Polls keep receding into the future, with analysts talking about hung parliament, reports Asia Sentinel
There is growing speculation in Kuala Lumpur that the country might have to deal with a so-called hung parliament, in which no major party has an absolute majority of seats, following national elections expected to be called before the end of the year.
That would be a drastic comedown from the decades prior to 2008, when the opposition Pakatan Rakyat coalition broke the Barisan Nasional’s two-thirds majority in parliament for the first time since the country’s independence in 1963, and it would open the parliament to chaos. Intensive horse-trading would take place, in which both sides would resort to pouring money to secure the loyalty of the minority parties and lure members away from the other party, reminiscent of what followed the 2008 opposition victory in Perak state, after which Prime Minister Najib Tun Razak induced three opposition lawmakers to change sides and took the state away from the opposition.
Currently the Barisan controls 137 seats, the Pakatan Rakyat 75, and two minor parties, Parti Sosialis Malaysia and the Sabah Progressive Party holding two. There are seven independent members.
When the election will be held remains open to question, with the date continuing to recede since speculation started last year.
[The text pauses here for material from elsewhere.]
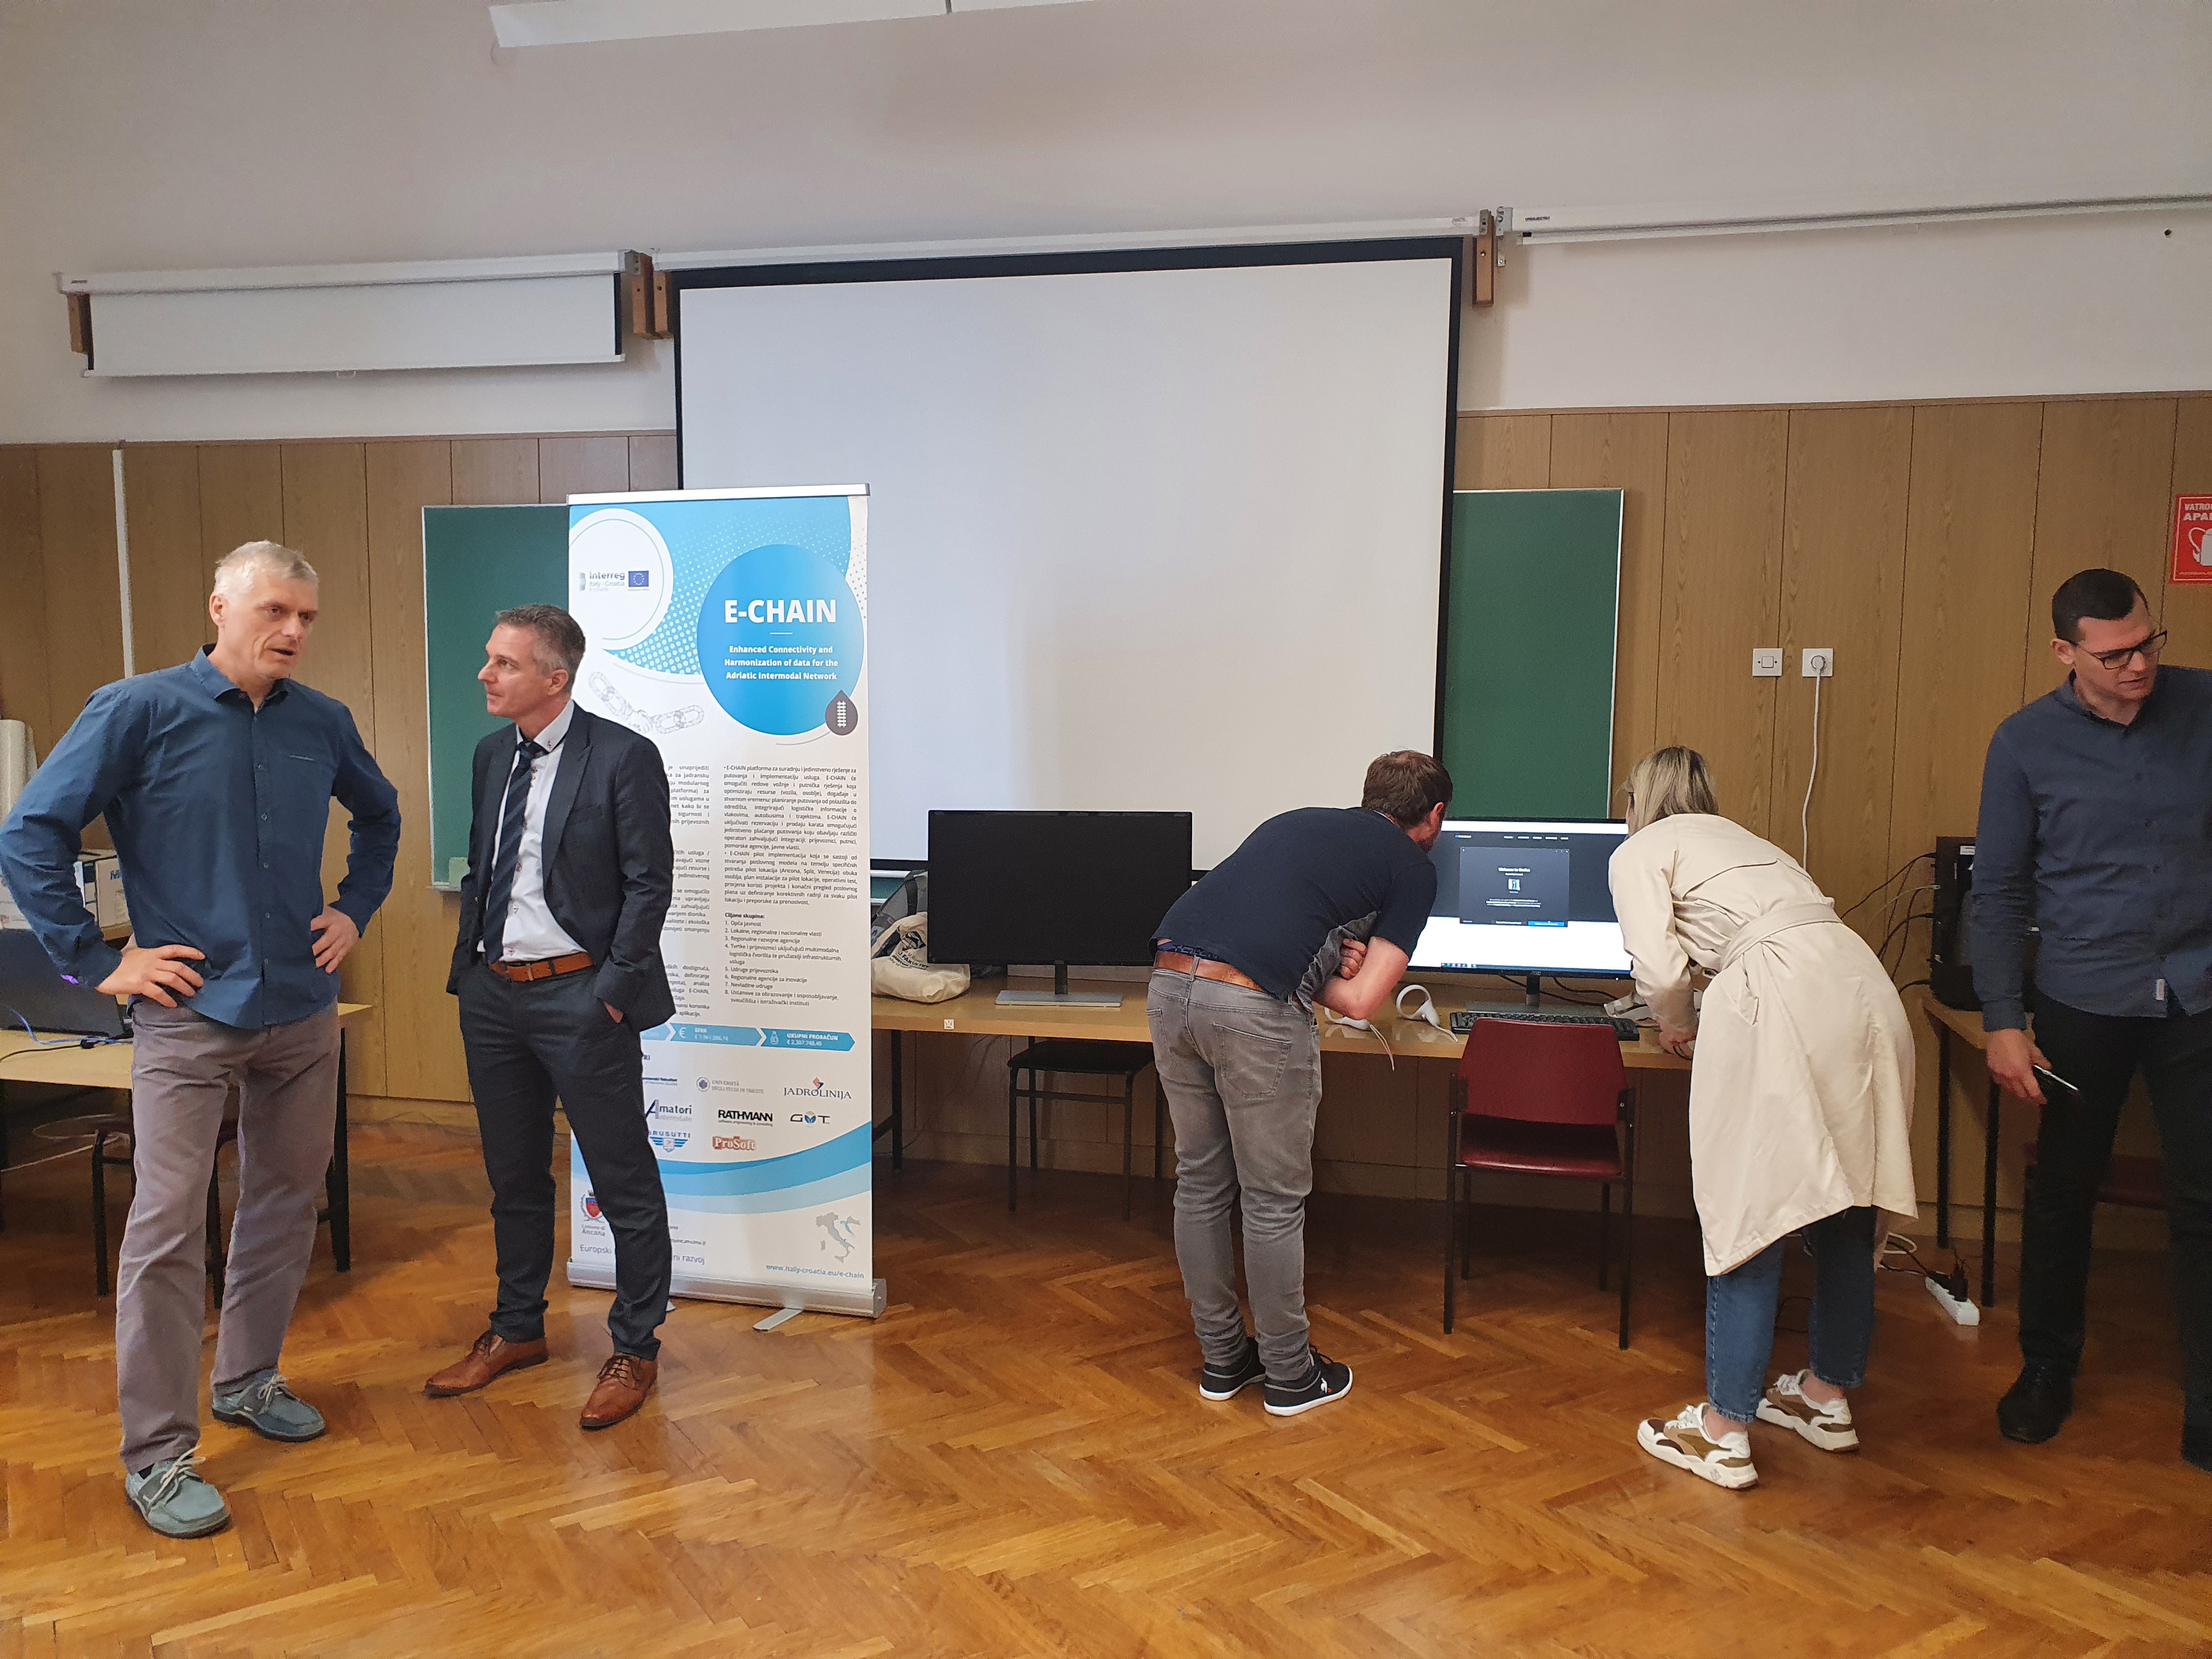 Presentation of the E-CHAIN project at the Science Festival 2022 in Rijeka

The polls had been rumored for June, then July. That seems unlikely as Parliament remains in session until the end of this month, although it could be adjourned if the Prime Minister decides to do so.
But Puasa, the Malaysian version of Ramadan, begins July 20 and runs through Aug. 19 and is followed by the hajj, when devout Muslims visit Mecca, and other religious events. Some analysts believe the polls could be in September, although the budget is to be presented to the parliament on Sept. 28 and it is widely believed Najib will hold up the dissolution of parliament until after he announces a budget that would deliver benefits to the electorate. In the 2012 budget, Najib poured out a cornucopia of goodies, including salary increases for the country’s 1.3 million civil servants – mostly ethnic Malays, UMNO”s core constituency as well as a RM500 (US$162) one-off cash benefit for households earning less than RM3000 (US$974) per month – also aimed at poor, rural Malays and Indians, totalling RM1.8 billion (US$583 million).
Nonetheless, “The feedback they get is bad,” said a source with ties to the government in Kuala Lumpur. “Special Branch, Umno, the Information Ministry, military intelligence – all show slim majorities. So they are worried.”